Most Florida trust administrations take several months to a year. Simpler trusts with liquid assets and cooperative beneficiaries can wrap up in a few months, while estates involving homestead disputes, creditor claims, federal estate tax filings, or out-of-state property often run a year or more. A trustee should not rush final distribution, because holding a reasonable reserve until debts, taxes, and the contest period are resolved protects against personal liability.
Does a revocable trust avoid probate in Florida?
A fully funded revocable trust can avoid probate for the assets titled in its name, but it does not guarantee no probate at all. If the grantor left assets outside the trust, named the estate as a beneficiary, or relied on a pour-over will to catch stray property, a probate proceeding may still be required. Trust administration and a limited probate frequently run side by side.
What is the 60-day notice a Florida trustee must send?
Under section 736.0813, Florida Statutes, after a revocable trust becomes irrevocable at the grantor’s death, the successor trustee must notify the qualified beneficiaries of the trust’s existence, the trustee’s identity, and their right to request information and an accounting. Trustees generally aim to send this within 60 days of accepting the role, because serving it can shorten the window for beneficiaries to contest the trust.
Can a Florida homestead in a trust be used to pay the grantor's debts?

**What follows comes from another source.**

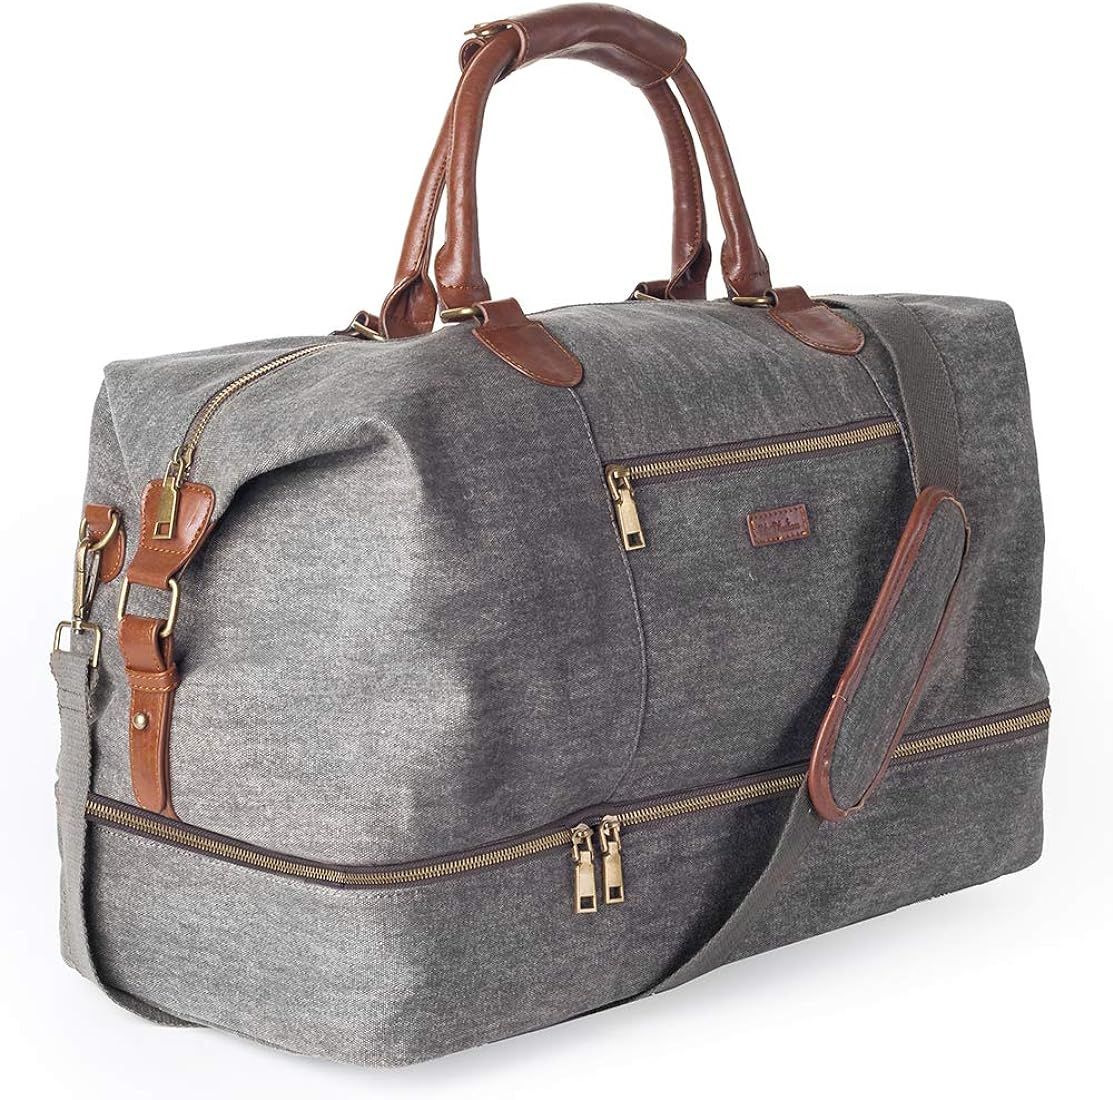 MyMealivos Canvas Weekender Bag, Overnight Travel Carry On Duffel Tote with Shoe Pouch (Grey) | Amazon (US)
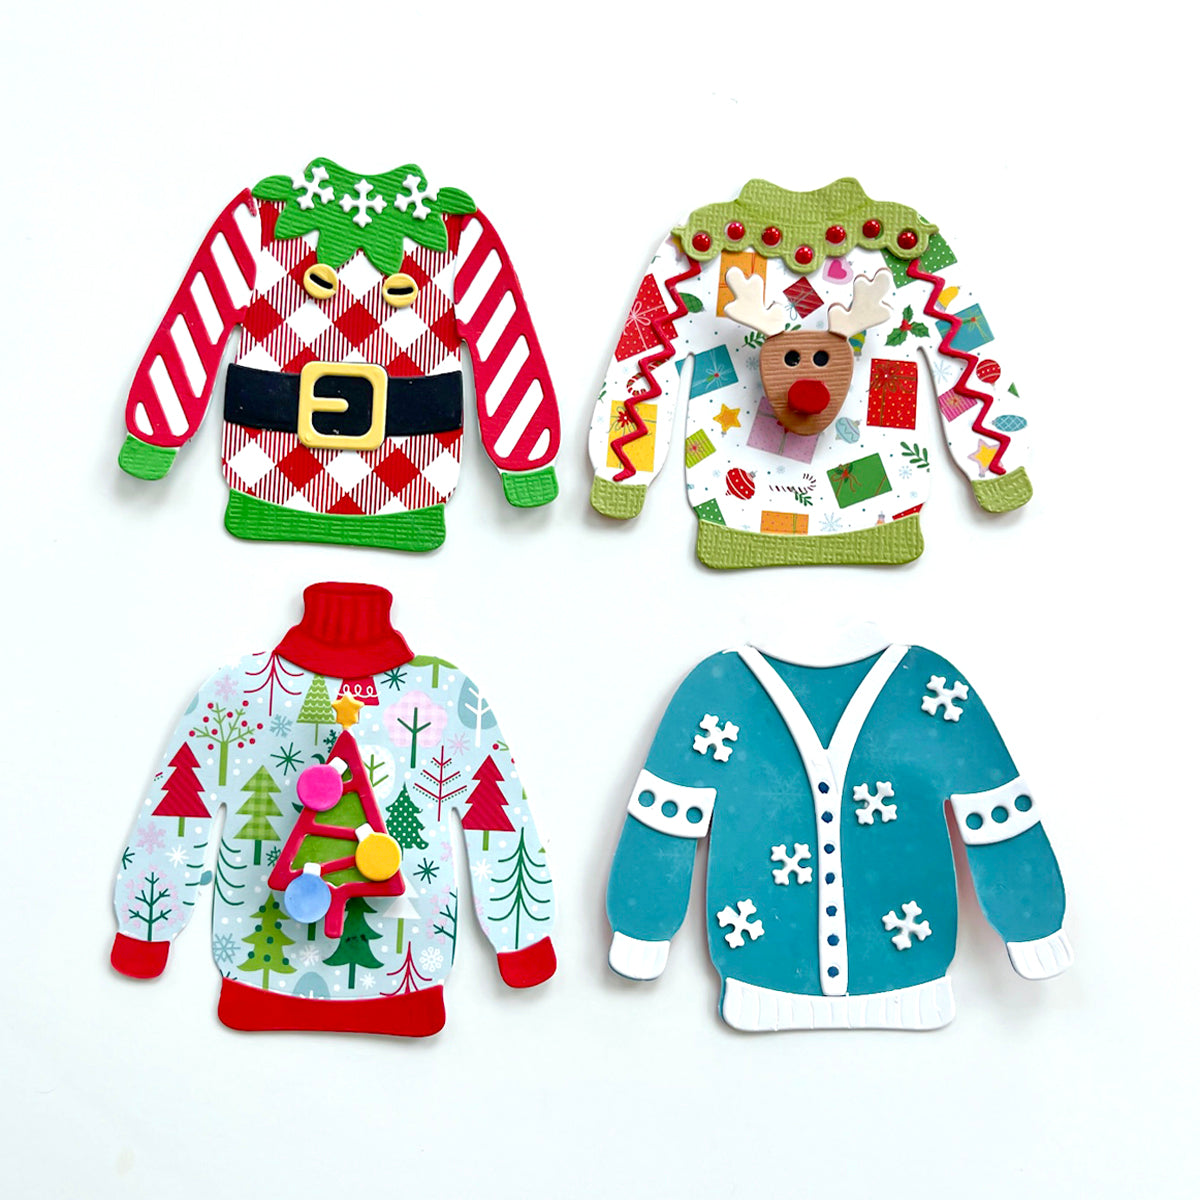 Ugly Sweater Die Set sold out

Usually not. Florida’s constitutional homestead protection generally shields the home from most creditors even after death, and a generic ‘pay all my debts’ clause in the trust does not override that protection. A trustee who uses homestead proceeds to satisfy general creditors can create personal liability. Homestead also carries devise restrictions when a spouse or minor child survives, so it should be handled with care.
Can a successor trustee be held personally liable?
Yes. A successor trustee is a fiduciary and can be personally liable for distributing assets prematurely, failing to pay valid debts or taxes, mishandling homestead, breaching the duty of loyalty or impartiality, or failing to provide required notices and accountings. Following the statutory steps and keeping detailed records are the trustee’s best protection, which is why many trustees retain a Florida trust attorney.